I have a pandas DataFrame and a (MySQL) database with the same columns. The database is not managed by me.
I want to update the values in the database in an "UPDATE... WHERE" style, updating only some columns wherever some other columns match.
Here's my code:
import sqlalchemy as sqla
def save_to_db(final_df, passwd):
engine_str = 'mysql+mysqldb://username:{}@localhost/mydb'.format(passwd)
engine = sqla.create_engine(engine_str)
sm = sessionmaker(bind=engine)
session = sm()
metadata = sqla.MetaData(bind=engine)
datatable = sqla.Table('AdcsLogForProduct', metadata, autoload=True)
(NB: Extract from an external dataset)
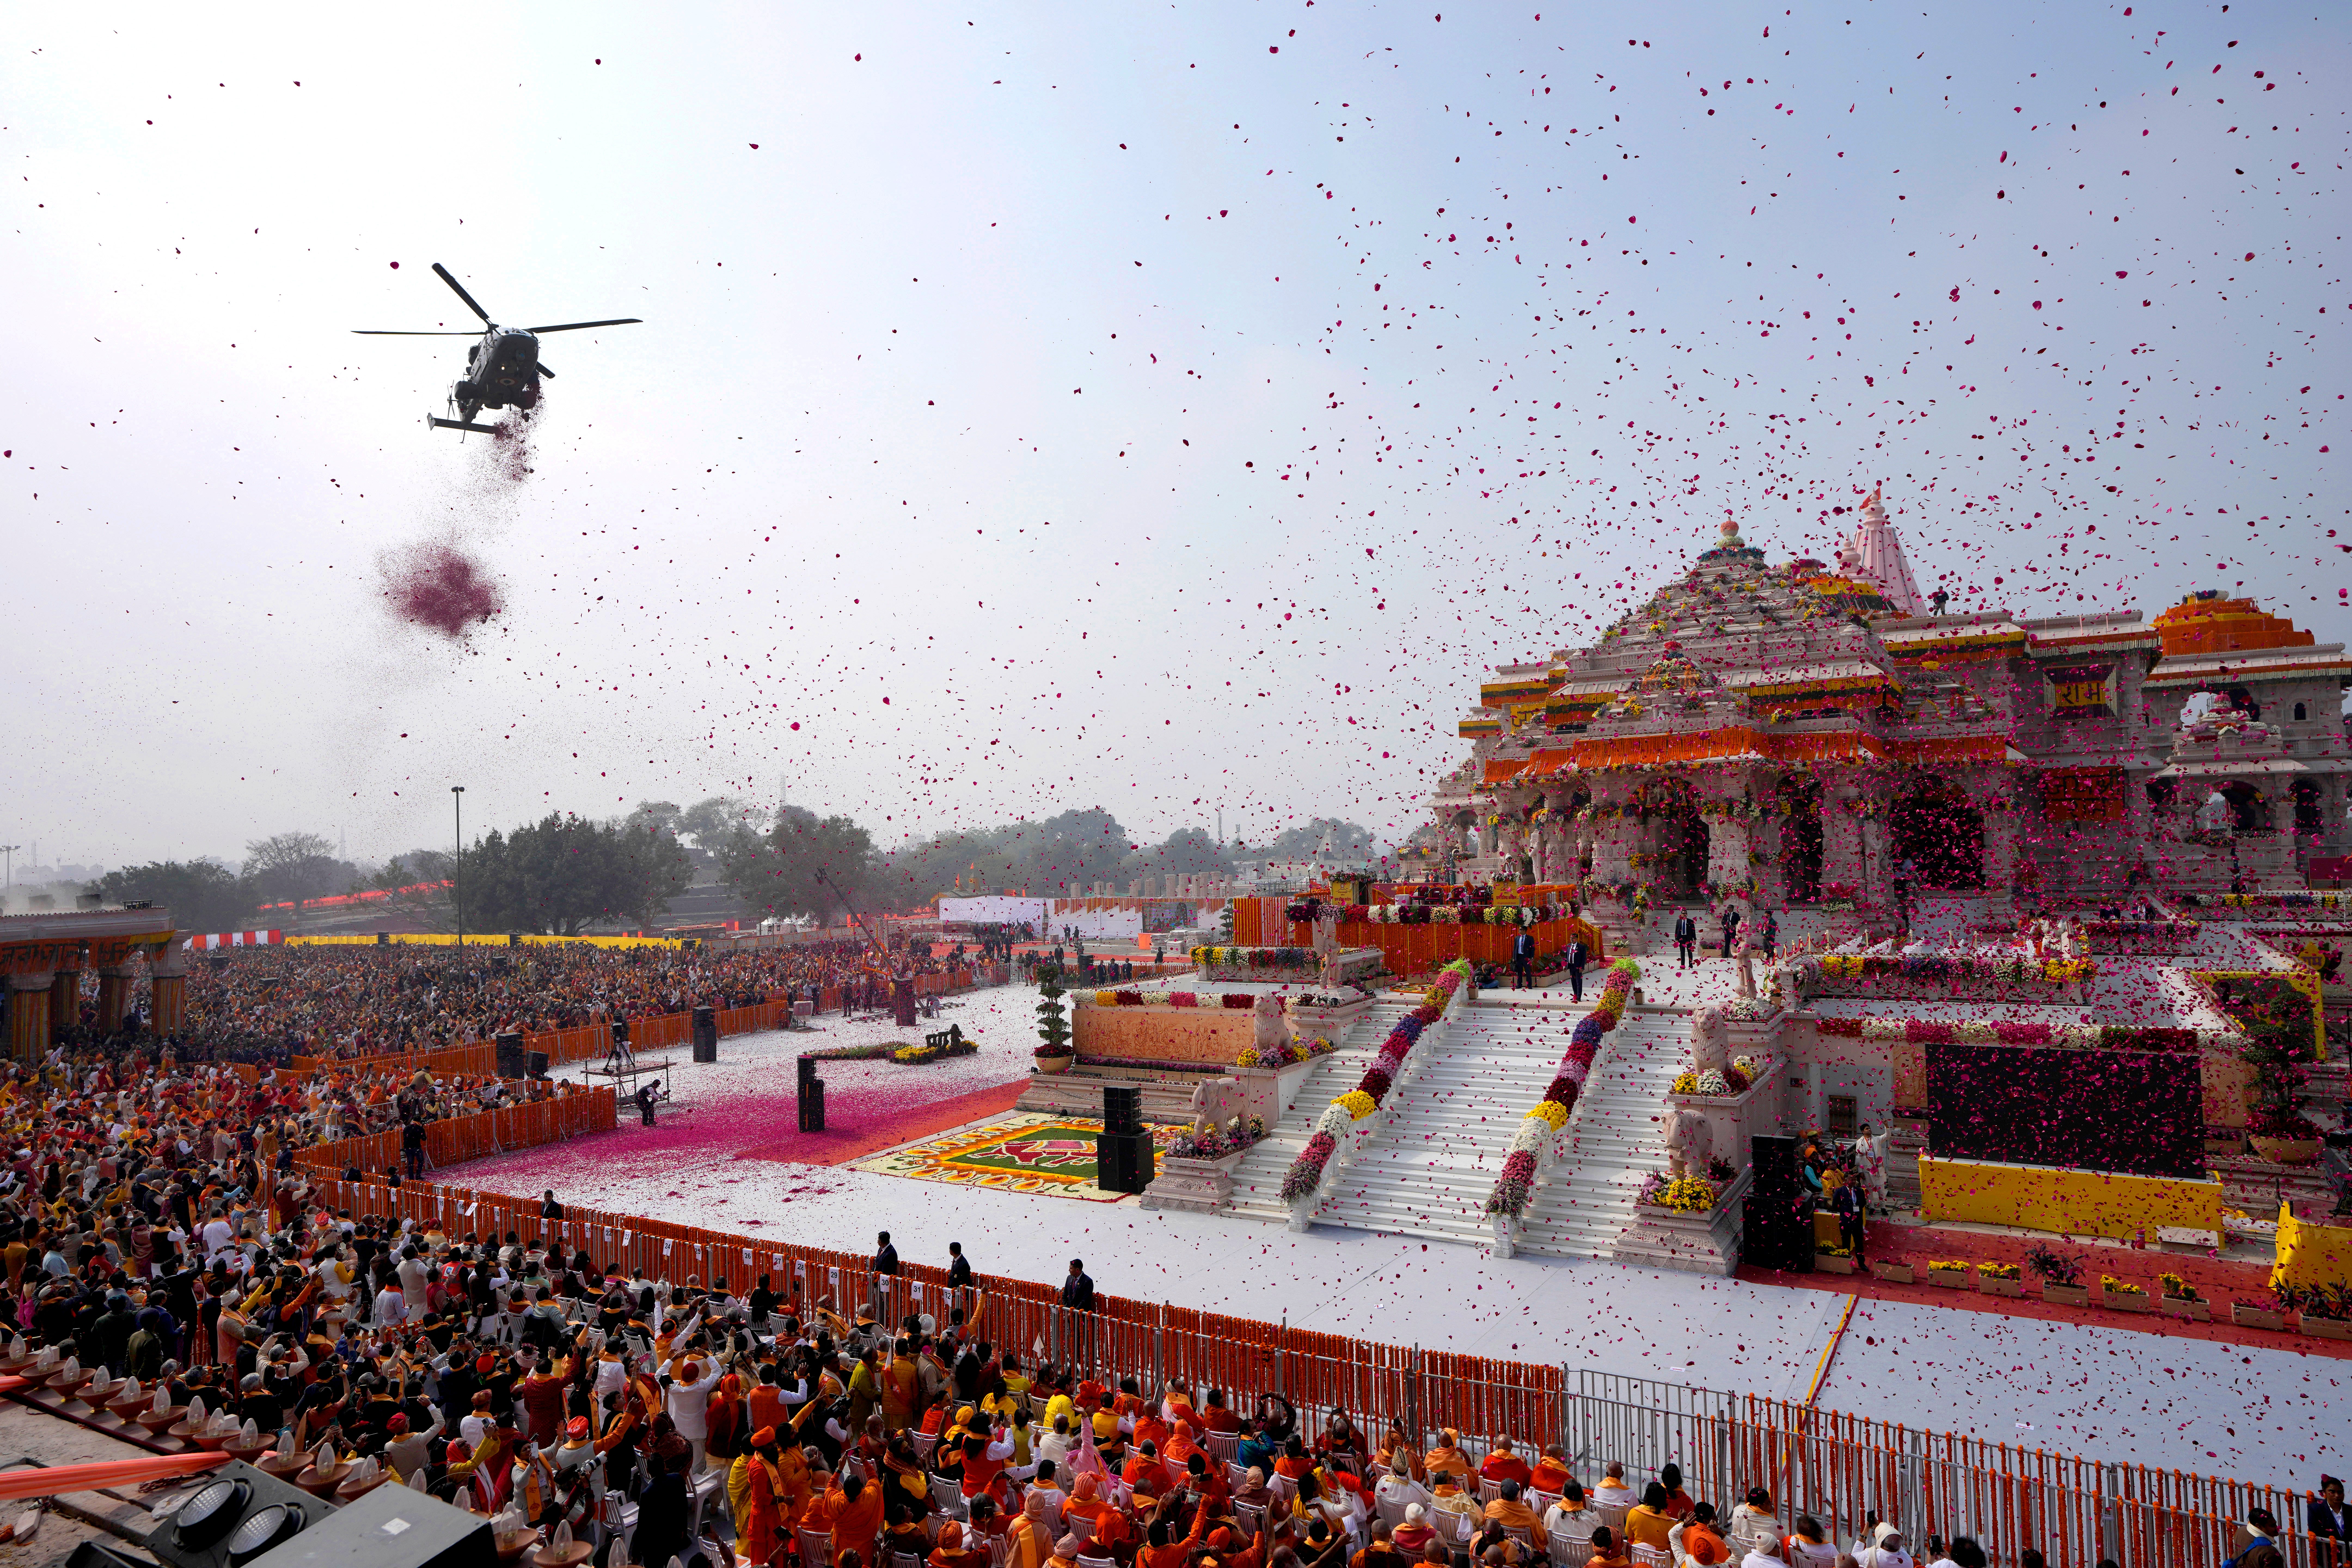 An Indian Air Force helicopter showers flower petals during the opening of Ram temple

for ind, row in final_df.iterrows():
u = sqla.sql.update(datatable) \
.values({"q_ECI_B_x": row.q_ECI_B_x,
"q_ECI_B_y": row.q_ECI_B_y,
"q_ECI_B_z": row.q_ECI_B_z,
"q_ECI_B_s": row.q_ECI_B_s}) \
.where(sqla.and_(datatable.c.year == row.year,
datatable.c.month == row.month,
datatable.c.day == row.day,
datatable.c.hours == row.hours,
datatable.c.minutes == row.minutes,
datatable.c.seconds == row.seconds,
datatable.c.milliseconds == row.milliseconds,
datatable.c.microseconds == row.microseconds))
session.execute(u)
session.flush()
session.commit()
I'm doing this with plain sqlalchemy because apparently pandas' built-in SQL functions can't handle "UPDATE... WHERE" scenarios. However, this is really slow.
Isn't there a more efficient way to do this?